Welcome to Built For Life, the twice-weekly newsletter designed to help you look, feel and perform better every day. If you're dealing with an injury right now, this one's for you.
Getting injured is brutal.
There's no way around it. The past nine weeks have been a mental roller coaster. I've been reminded how easy it is to fall off track when injury strikes, no matter how small or big it is.
But here's what I've learned: there's always something you can do.

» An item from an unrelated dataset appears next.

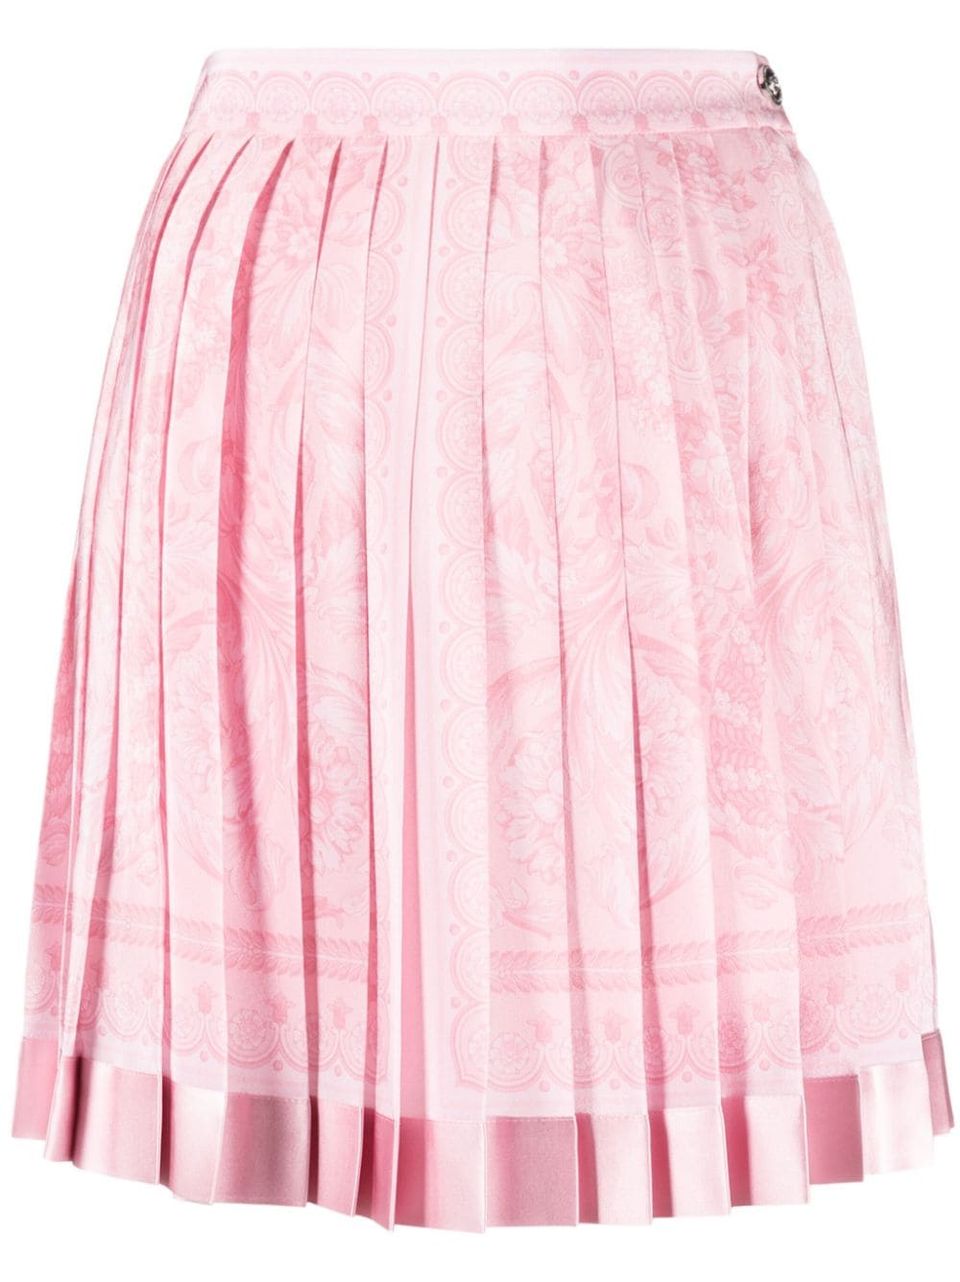 Barocco print skirt

May 5th. That's when it happened. An ankle avulsion fracture with a grade 2/3 ATFL tear. The first two weeks were rough.
I was in a boot pretty much full-time. Hopping around on crutches. Couldn't weight bear at all. Couldn't do much of anything physically. It felt like my world had stopped.
And honestly, that's when the mental battle starts. You go from training hard, hitting PRs, feeling strong to not being able to walk without crutches. Or help your kids in and out of the bath. Nothing more humbling than needing your wife's assistance for bathtime.
A lot of people stop here. They throw in the towel completely. No training. No nutrition focus. No sleep discipline. Just... give up.
And that's exactly when you need to tighten up the most.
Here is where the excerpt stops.